If we moved together with the same resources, support structures, funding and that goal to use the historical cannon to link themes of the past to current and relevant issues pertaining to the student (those that do not learn from the past are doomed to repeat it). I think we would be able to begin to teach a nation and not just be continuously evaluating one sections performance against another.
Thank you again for sharing.
All the best,
MV
Hi Amy,
ReplyDeleteThanks for your post!
First off, I resonated with your tone of urgency here. It's hard to state this without being overly dramatic--but, at the risk of drama, I say that you are right, each day, something small in a part of many children dies at school. Brutal blows to self confidence, to one's sense of worth. The love and support one needs adults to provide, or the sense of healing they can bring when things don't go your way. This is my ideal of school. It's something elementary teachers in this country generally have always gotten right, and your rallying call of child development and balance seem to me a fair way of putting all of this.
(As a side note, I watched the 1975 Charlie Brown Valentine special last night with my son. I was especially taken by how they dealt with Linus' crush on his teacher, and how insensitive she was in return--you know the teacher voice in that series, I'm sure!)
The focus on testing, to my mind, is our biggest problem right now, and for the reasons the fascinating article you linked to suggests--a very successful adult failed those tests. We are telling kids that they are unsuccessful because of these rather narrow measures. I'm more than happy to compromise on this, but it's clear we need a wider range of measures of success. And we need these measures to be truly (in)formative--that is, they should be giving teachers information that will help them enrich the experiences students under their care have. They should not be (just) telling them which items the students need more drilling on.
I admire Hirsch's sense of balance.
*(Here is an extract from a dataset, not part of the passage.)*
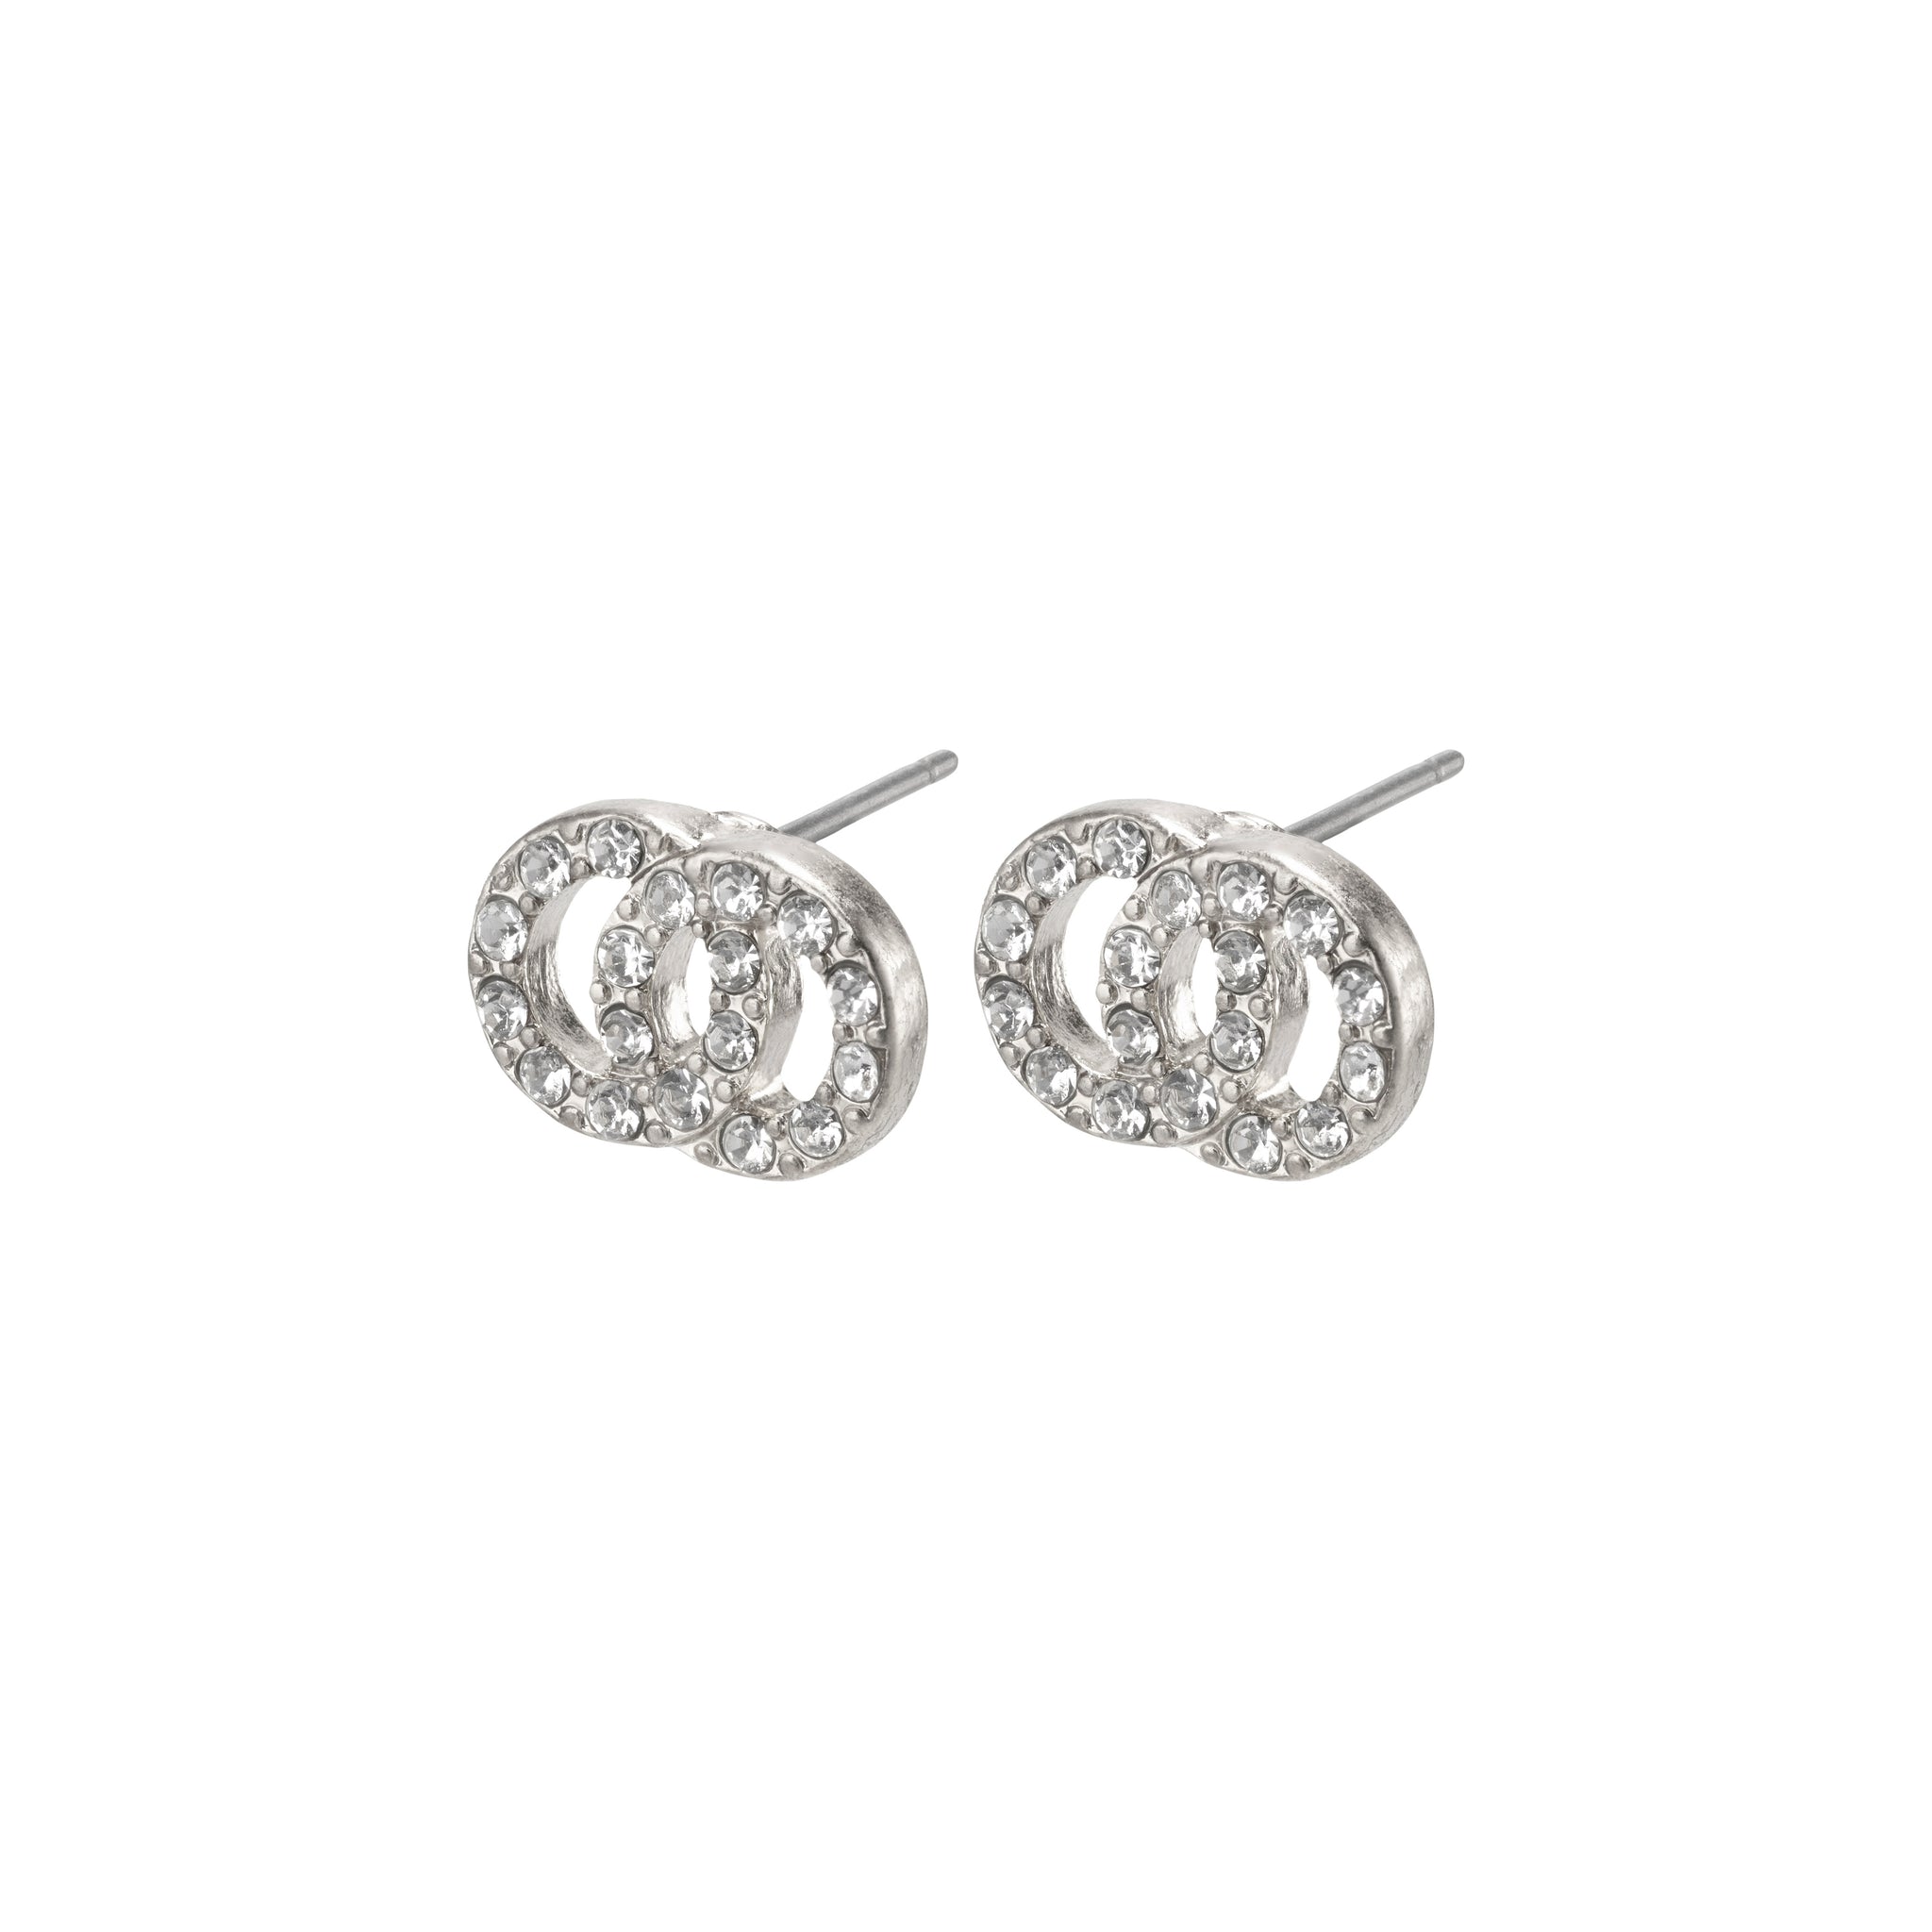 VICTORIA Recycled Crystal Earrings - Silver Plated

Of course he tends to blame John Dewey and professors in schools of education (like myself) for all of our nation's learning problems. Maybe we folks in the colleges of education deserve that slap? Anyway, I think we are seeing a moment where educators (I use that term selectively) of all stripes--from Diane Ravitch, to ED Hirsch, to Nel Noddings or whomever--can start to come together and advocate for schools that are more responsive to kids, focused on big ideas that help enrich the lives of kids now and in the future.
Thanks for your writing--the conversation about the future of schools is one we need to keep pressing the public to have!